### Directions
The reply should hold only the lines from the one with "Luigia Melillo e" to the one with "Jean Paul Gaultier", both ends kept, exactly as they appear below, without any pictures.

### Exercise material

§

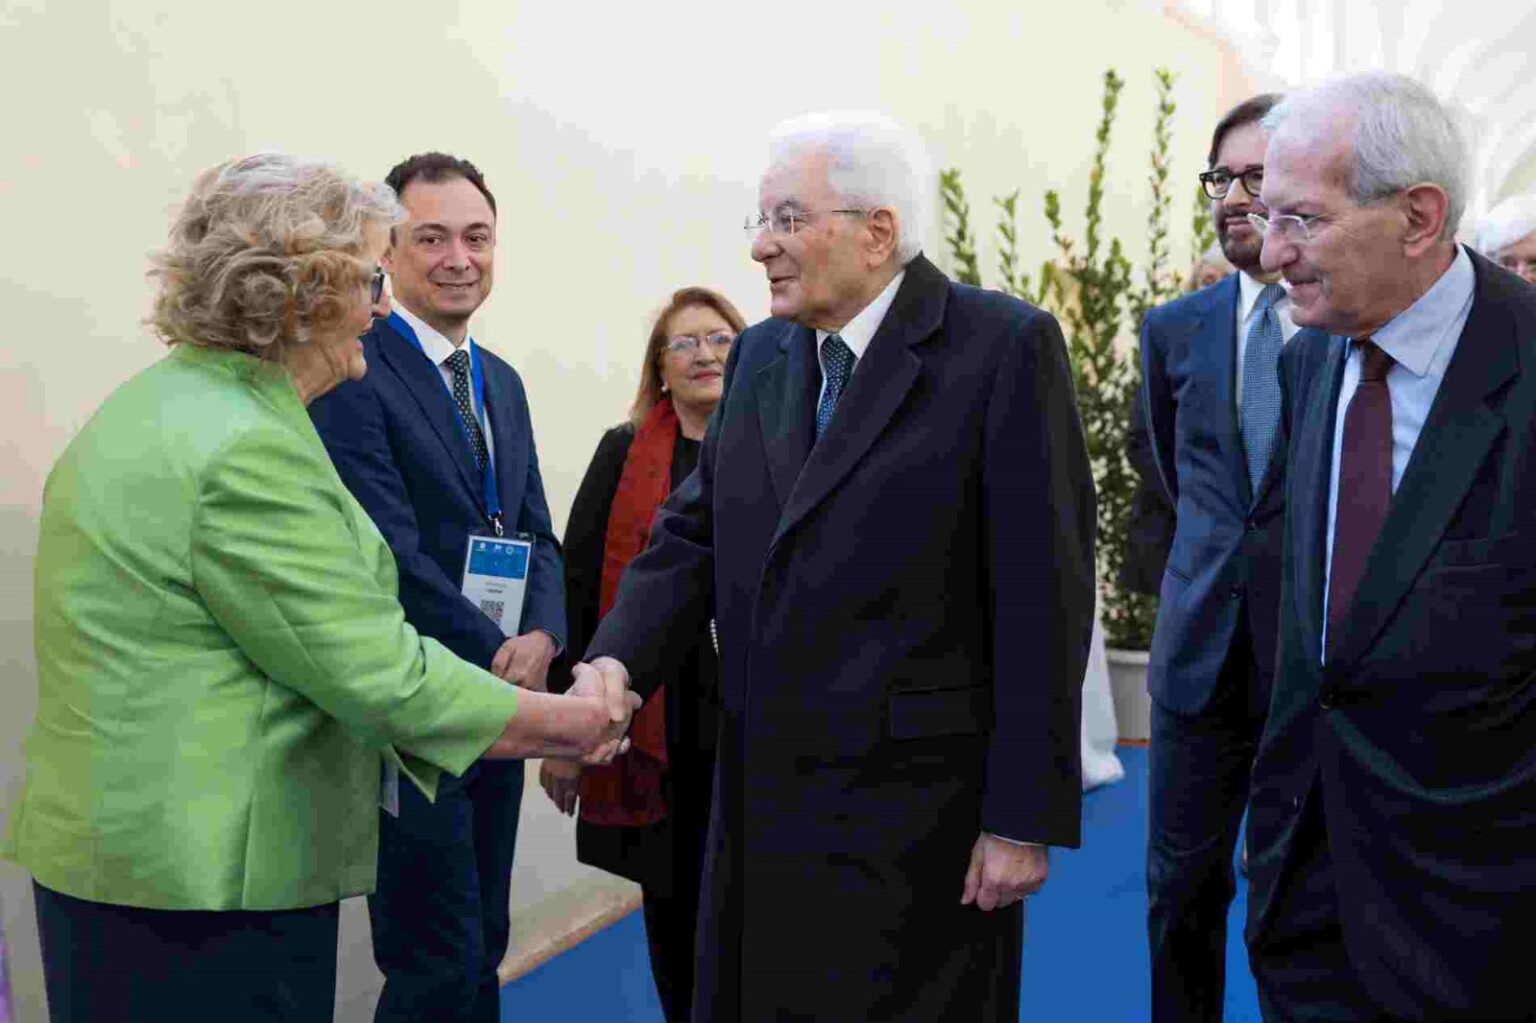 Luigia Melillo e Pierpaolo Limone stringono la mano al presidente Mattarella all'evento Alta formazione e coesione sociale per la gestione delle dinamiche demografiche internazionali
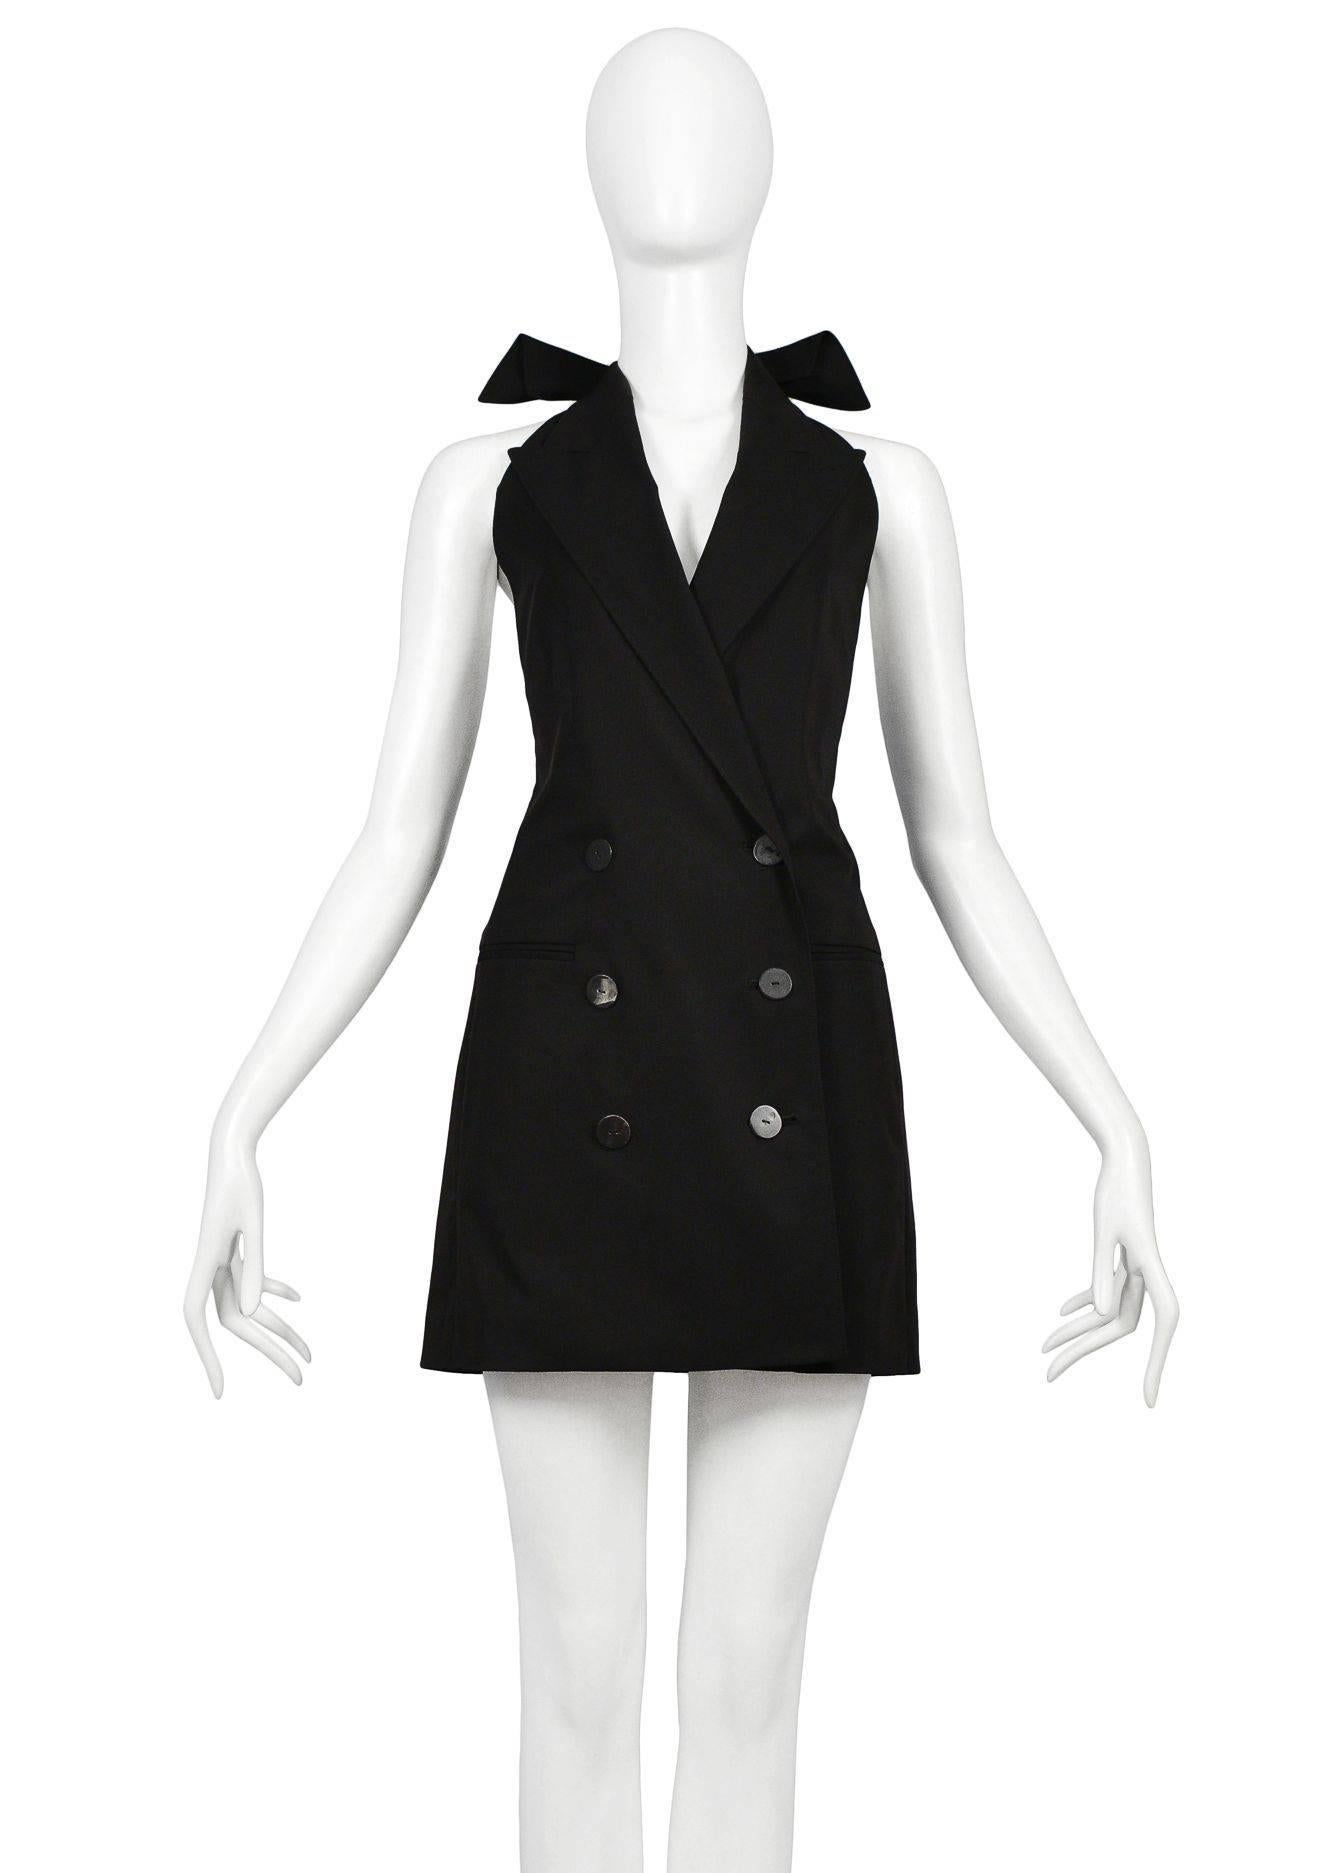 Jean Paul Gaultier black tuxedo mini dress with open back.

§

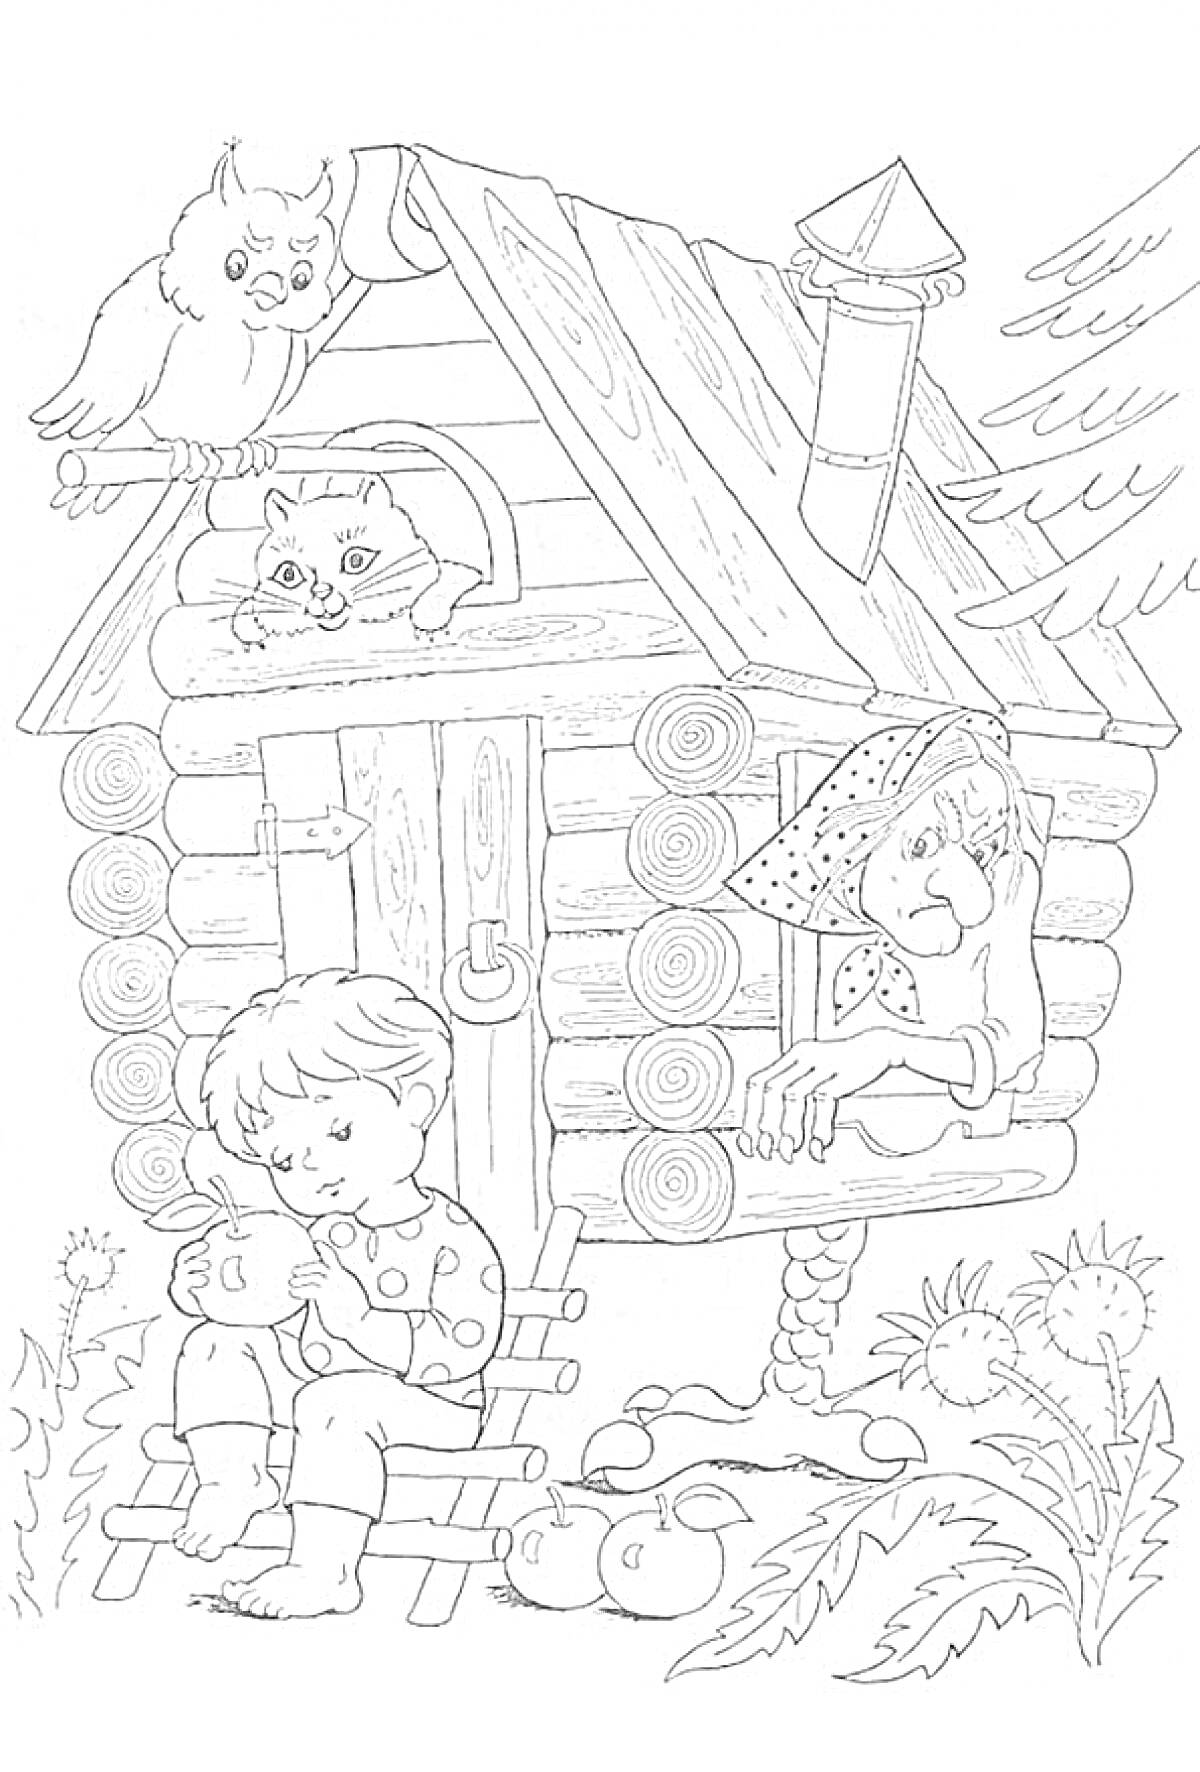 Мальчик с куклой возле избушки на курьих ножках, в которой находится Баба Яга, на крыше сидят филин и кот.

§

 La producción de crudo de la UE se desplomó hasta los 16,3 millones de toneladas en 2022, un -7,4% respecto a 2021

§

### Solution to this problem
 Luigia Melillo e Pierpaolo Limone stringono la mano al presidente Mattarella all'evento Alta formazione e coesione sociale per la gestione delle dinamiche demografiche internazionali
 Jean Paul Gaultier black tuxedo mini dress with open back.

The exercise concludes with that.